The outbreak led to the discovery of deer mice nesting within the double-walled Signature Tent Cabins. It would, in theory, be possible for urine-contaminated dust from those nests to migrate into the cabin's interior, she said.

In its report (attached), the Inspector General's Office concluded that when the hantavirus outbreak was initially identified, the park staff properly responded “to contain, remediate, and prevent further outbreaks.”

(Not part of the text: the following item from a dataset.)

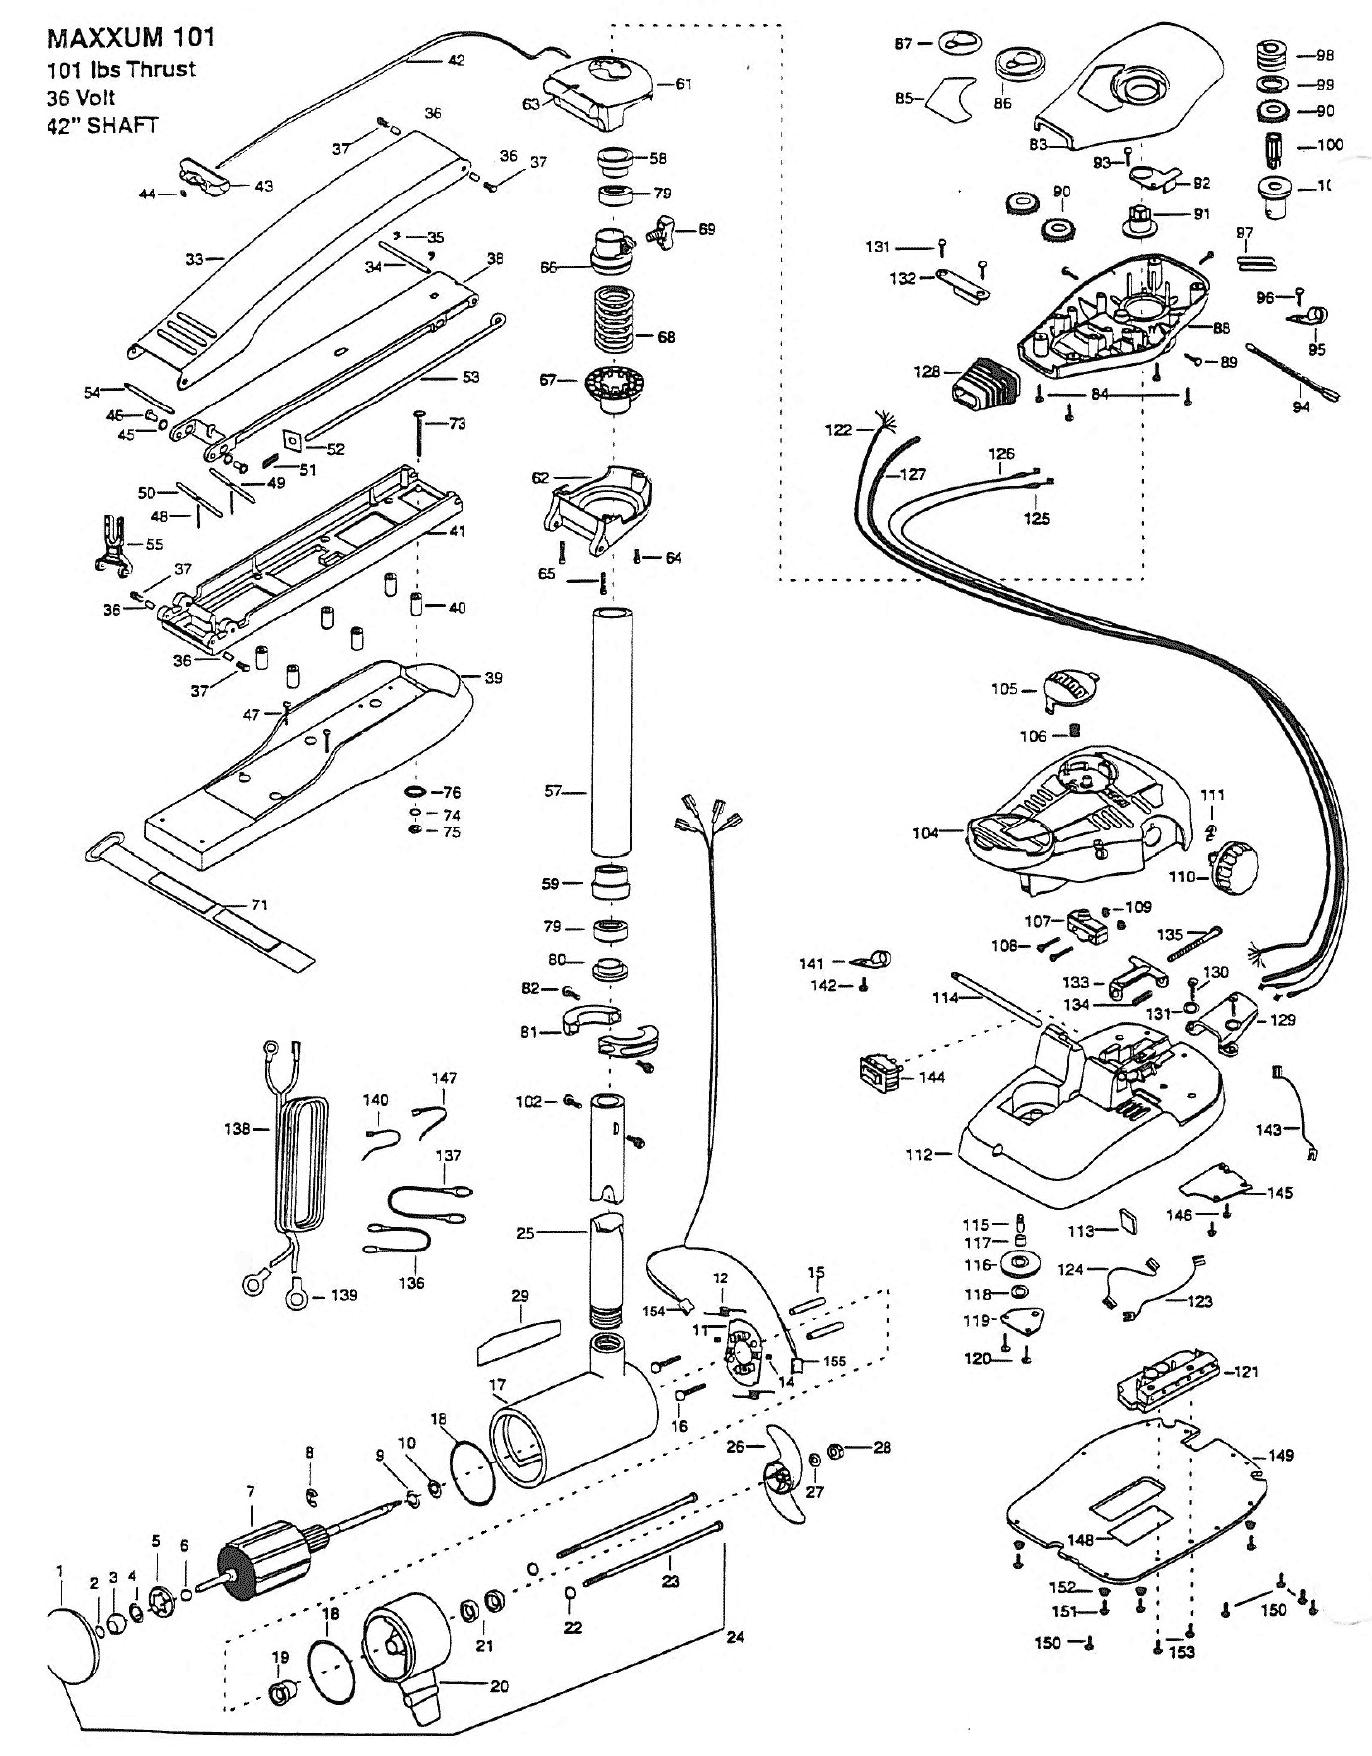 minn kota wiring diagram 24 volt solidfonts minn kota riptide wiring diagram diagrams

“Specific to policy, we found that the NPS acted according to NPS and Departmental criteria for review and approval of concessionaire plans and proposals, pest monitoring and management activities, inspection of visitor accommodations operated by the concessionaire, as well as information dissemination of hantavirus and other vector-borne diseases,” the report stated.

Going forward, the inspector general's office made the following recommendations for the Park Service to follow:

1. Require NPS health, safety, and building officials to review proposals of new visitor accommodations and modifications to their structures for vector-borne disease vulnerabilities and document the outcome of the reviews before NPS authorizes work on structures;

2. Require NPS health, safety, and building officials to inspect visitor accommodations on a cyclical basis to assess vector-borne disease vulnerabilities.

Specific to NPS oversight of concessions of Yosemite tent cabins, we recommend that the NPS Director:

3. Require DNC to report the results of its monitoring of concession areas to Yosemite health and safety officials; and

4. Require that educational material is made available to all overnight visitor regardless of where they stay.